How does the HNSW graph work?

HNSW combines two older ideas. The first is the probability skip list, where multiple layers of linked lists let a search take long jumps at the top and short, precise steps at the bottom. The second is the navigable small world graph, a proximity graph in which each vertex keeps a list of nearby neighbors, and search proceeds by greedy routing: repeatedly move to the neighbor closest to the query until no neighbor is closer.

HNSW arranges vectors into a hierarchy of layers. The top layer is sparse and contains only a few vertices connected by long-range links. Each lower layer contains more vertices and shorter-range links, and the base layer (layer 0) contains every vector. When a node is inserted, its maximum layer is chosen randomly with an exponentially decaying probability, so most nodes live only on the bottom layer.

A search starts at the single entry point on the top layer and greedily walks toward the query until it reaches a local minimum, then drops to the next layer down and repeats. The sparse upper layers act as an express network that carries the search most of the way across the space in a few hops, while the dense lower layers refine the result. This layered descent is what avoids the early-stopping problem of a single flat small-world graph.

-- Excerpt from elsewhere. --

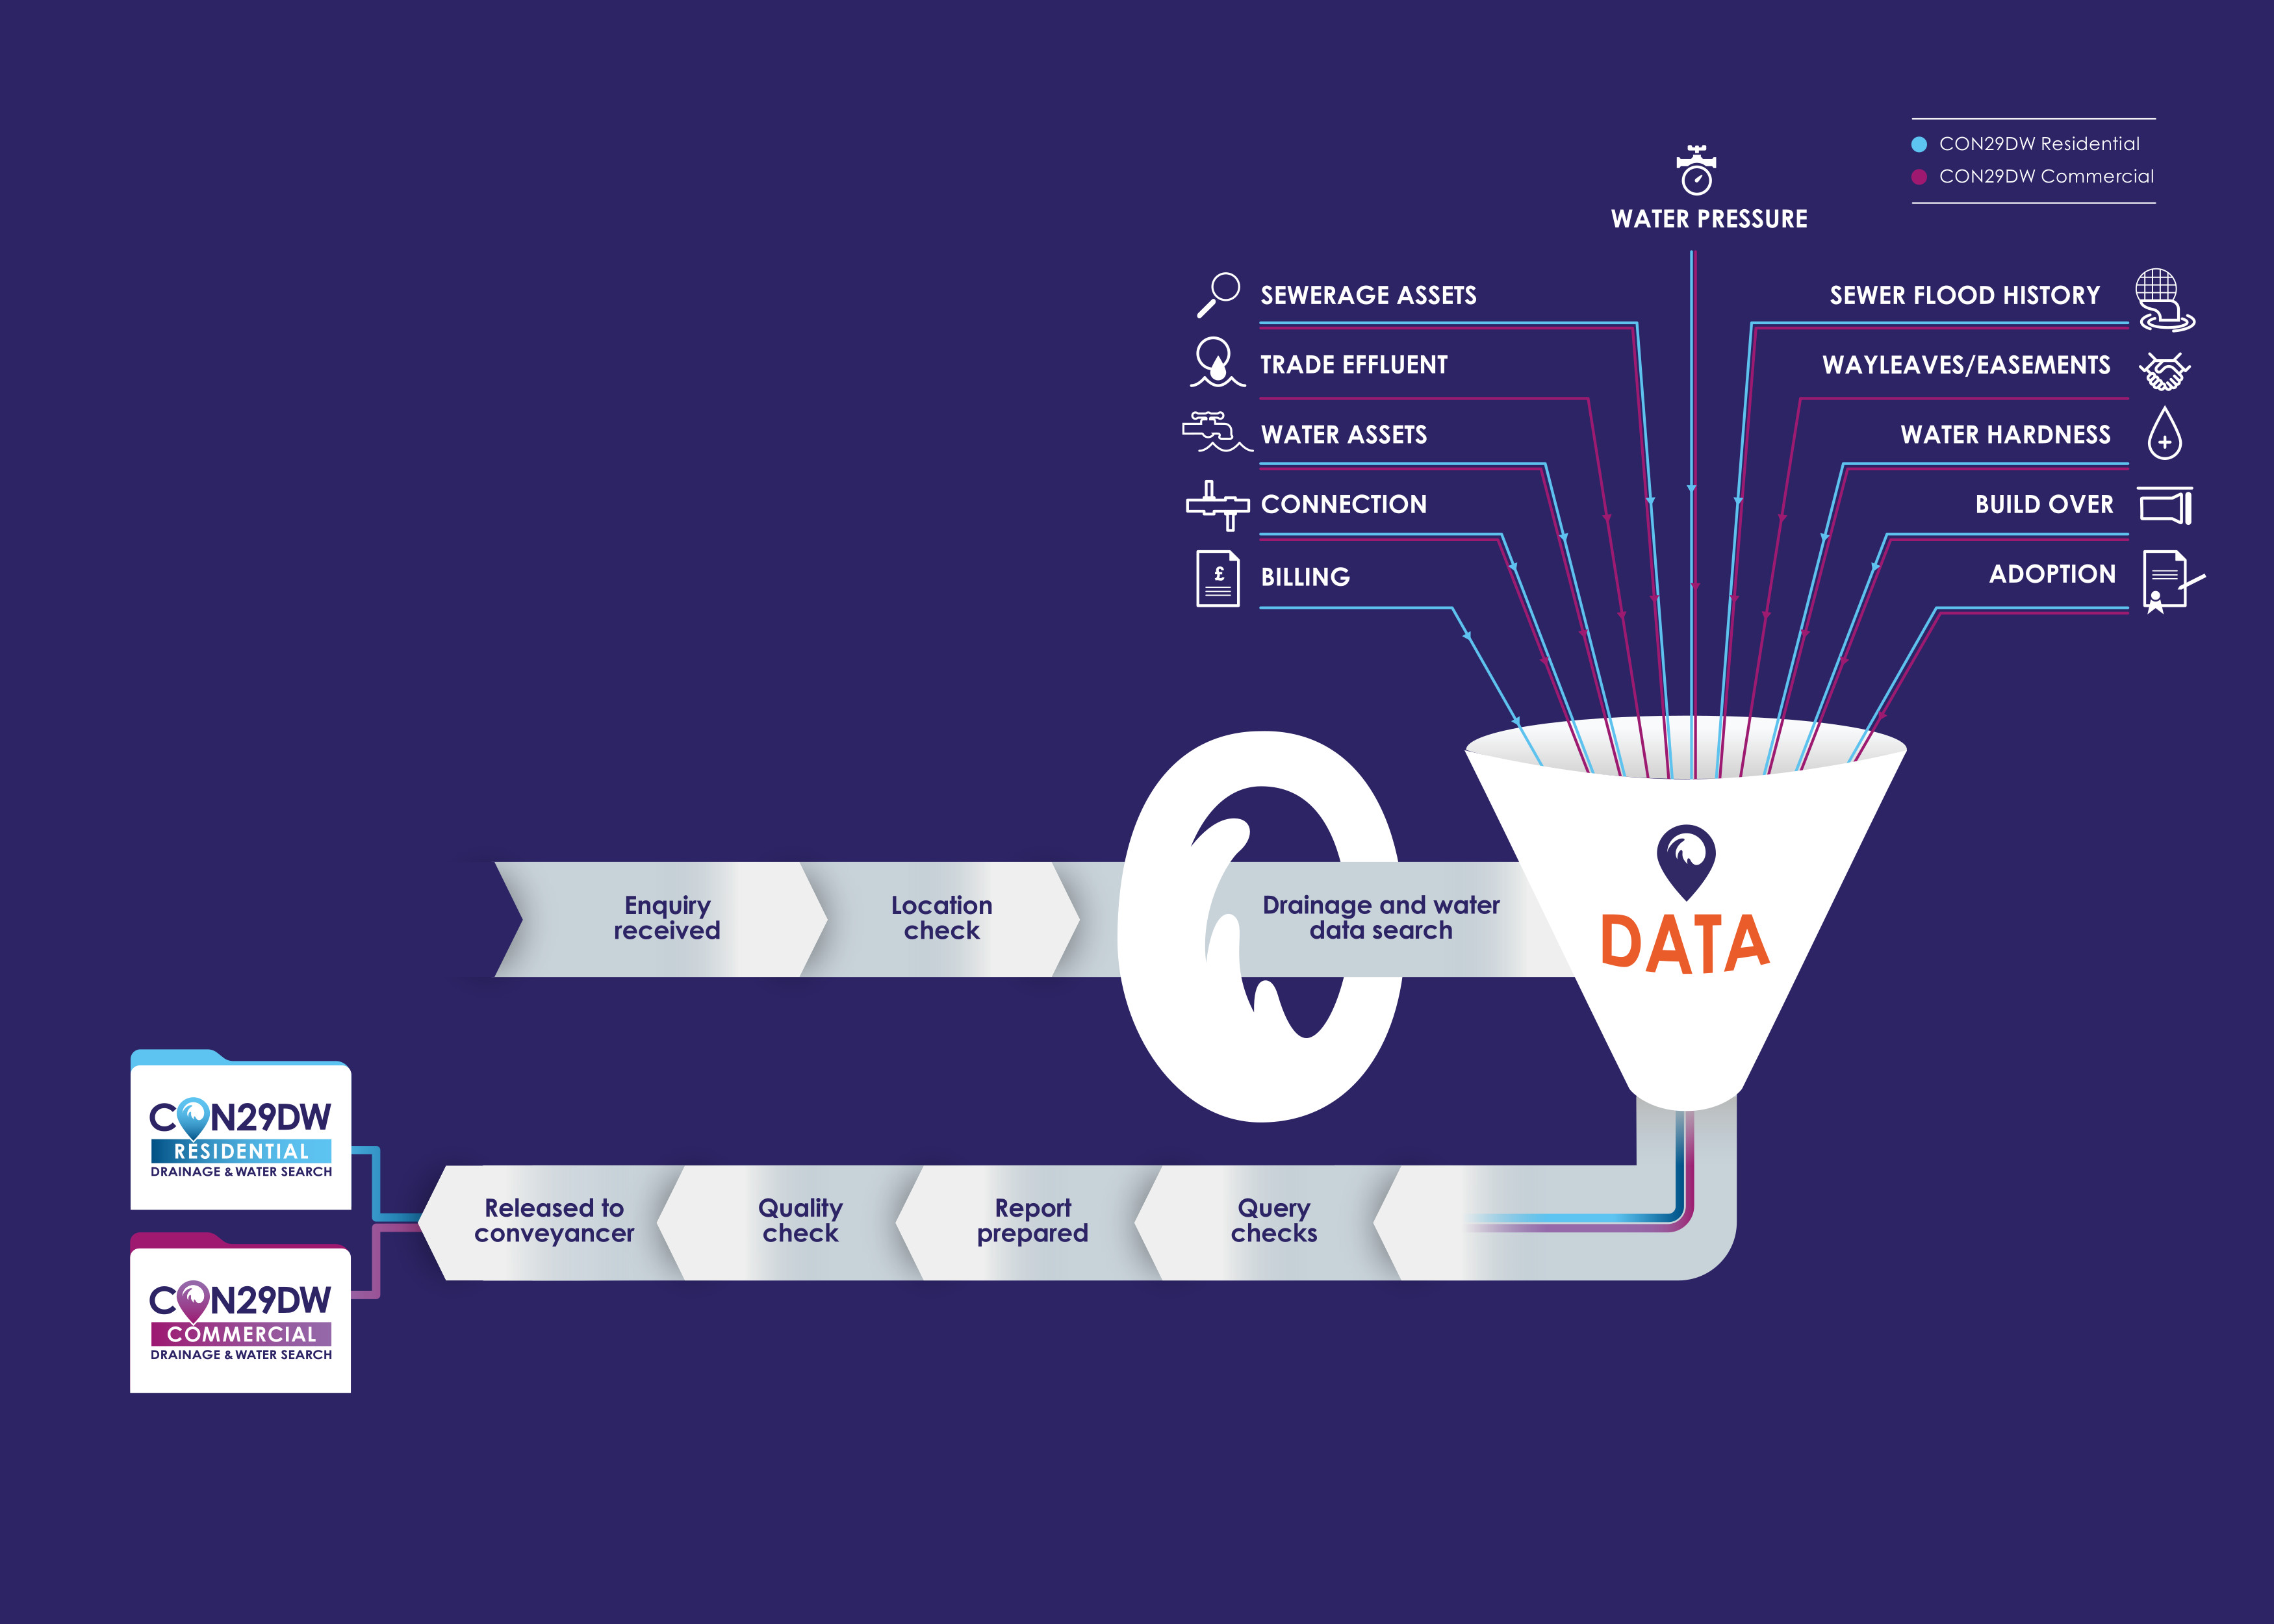 CON29DW data process infographic

  • Built from two ideas: probability skip lists and navigable small world graphs.
  • Search uses greedy routing: move to the closest neighbor until none is closer.
  • Layers form a hierarchy: sparse long-range links on top, dense short-range at the base.
  • A node's top layer is chosen randomly with exponentially decaying probability.
  • Search descends from a top entry point through layers, refining at each level.

The three parameters: M, efConstruction, efSearch

M sets how many bidirectional links each node keeps per layer (the base layer typically allows up to 2M). A higher M produces a denser graph that reaches higher recall and handles harder, higher-dimensional data, but it increases memory use and build time. Memory grows substantially with M, so typical values sit in the range of about 12 to 48, with 16 a common default.

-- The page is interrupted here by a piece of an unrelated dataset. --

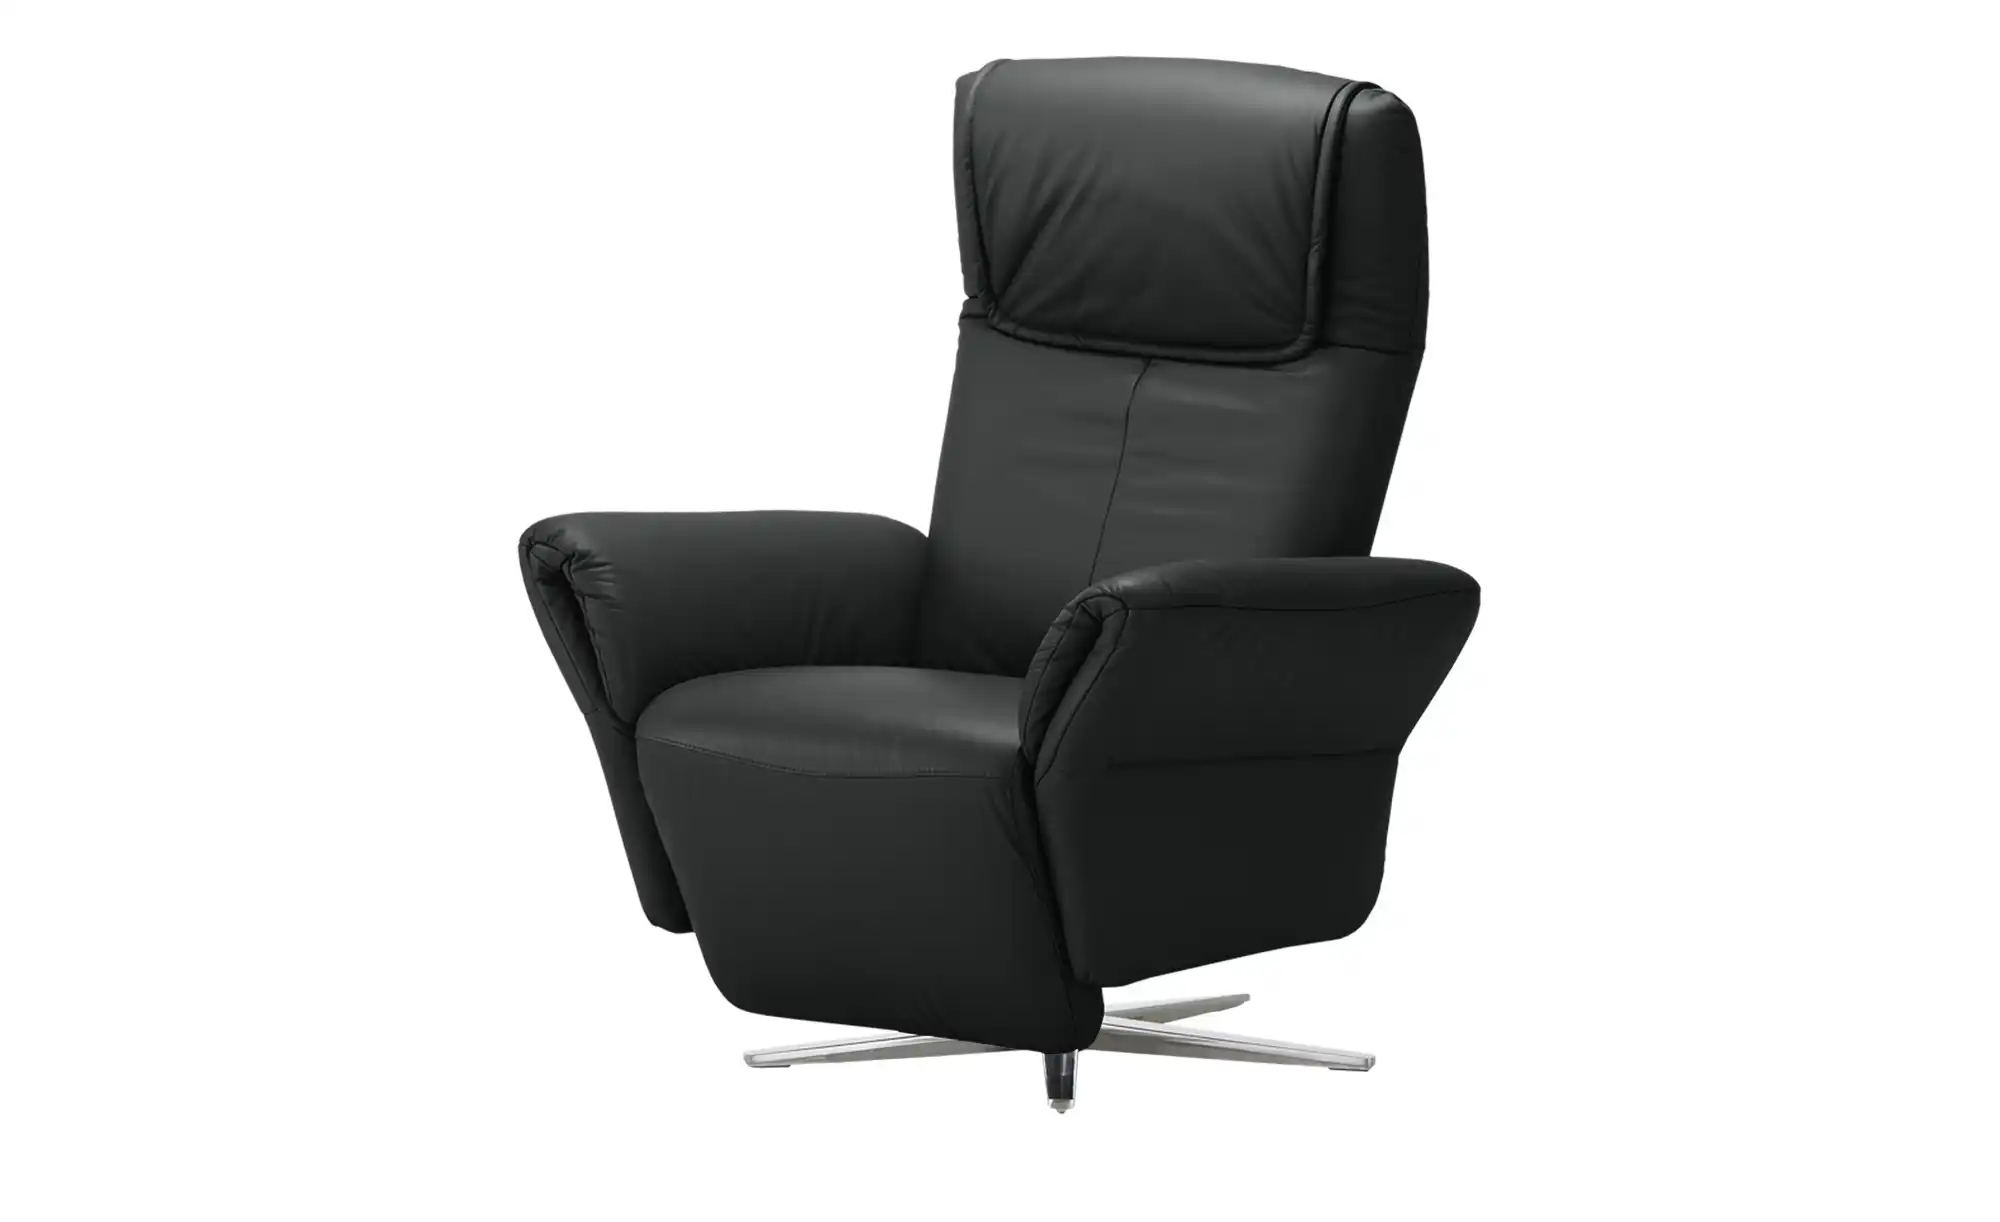 Musterring Relaxsessel MR 380 ¦ schwarz Polstermöbel Sessel Fernsehsessel Höffner  - Onlineshop Möbel Höffner

efConstruction controls how many candidate neighbors the builder considers when inserting each node. A larger value produces a higher-quality graph and better recall at query time, at the cost of slower index construction. It is a build-time setting and does not affect query latency directly. Common values run from around 100 to several hundred.

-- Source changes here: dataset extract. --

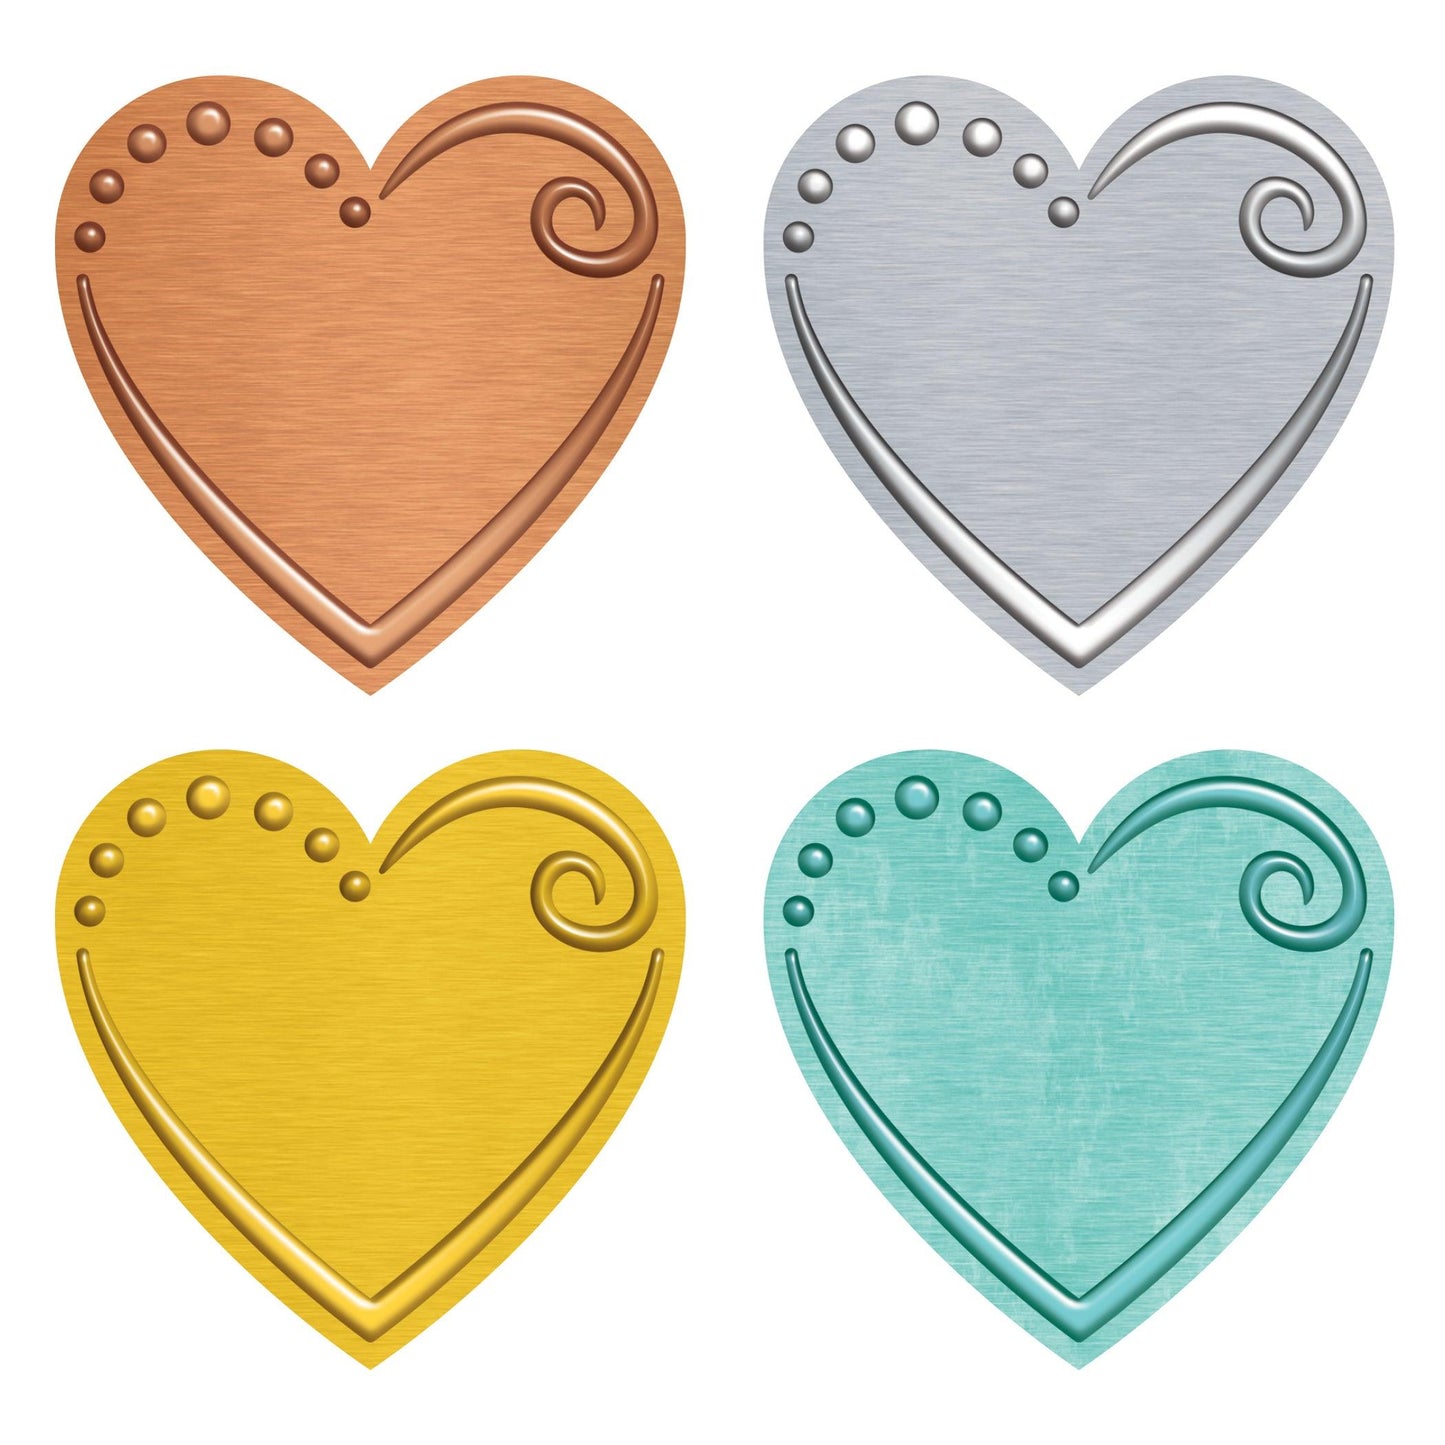 I ♥ Metal™ Hearts Mini Accents Variety Pack, 36 Per Pack, 6 Packs - Loomini

efSearch (sometimes just ef) sets the size of the dynamic candidate list explored during a query. It is the main runtime dial for the recall-versus-speed tradeoff: raising it explores more of the graph and lifts recall toward 100 percent, but increases query latency. It can be tuned per query, so you can run fast, lower-recall searches and slow, high-recall searches against the same index. efSearch must be at least as large as the number of results requested (k).

  • M: links per node per layer; higher means better recall but more memory and build time (common default ~16).
  • efConstruction: build-time candidate breadth; higher means a better graph and recall but slower indexing.
  • efSearch: query-time candidate breadth; the main recall-versus-latency dial, tunable per query.
  • Base layer typically allows up to 2M links per node.
  • efSearch must be greater than or equal to k, the number of neighbors requested.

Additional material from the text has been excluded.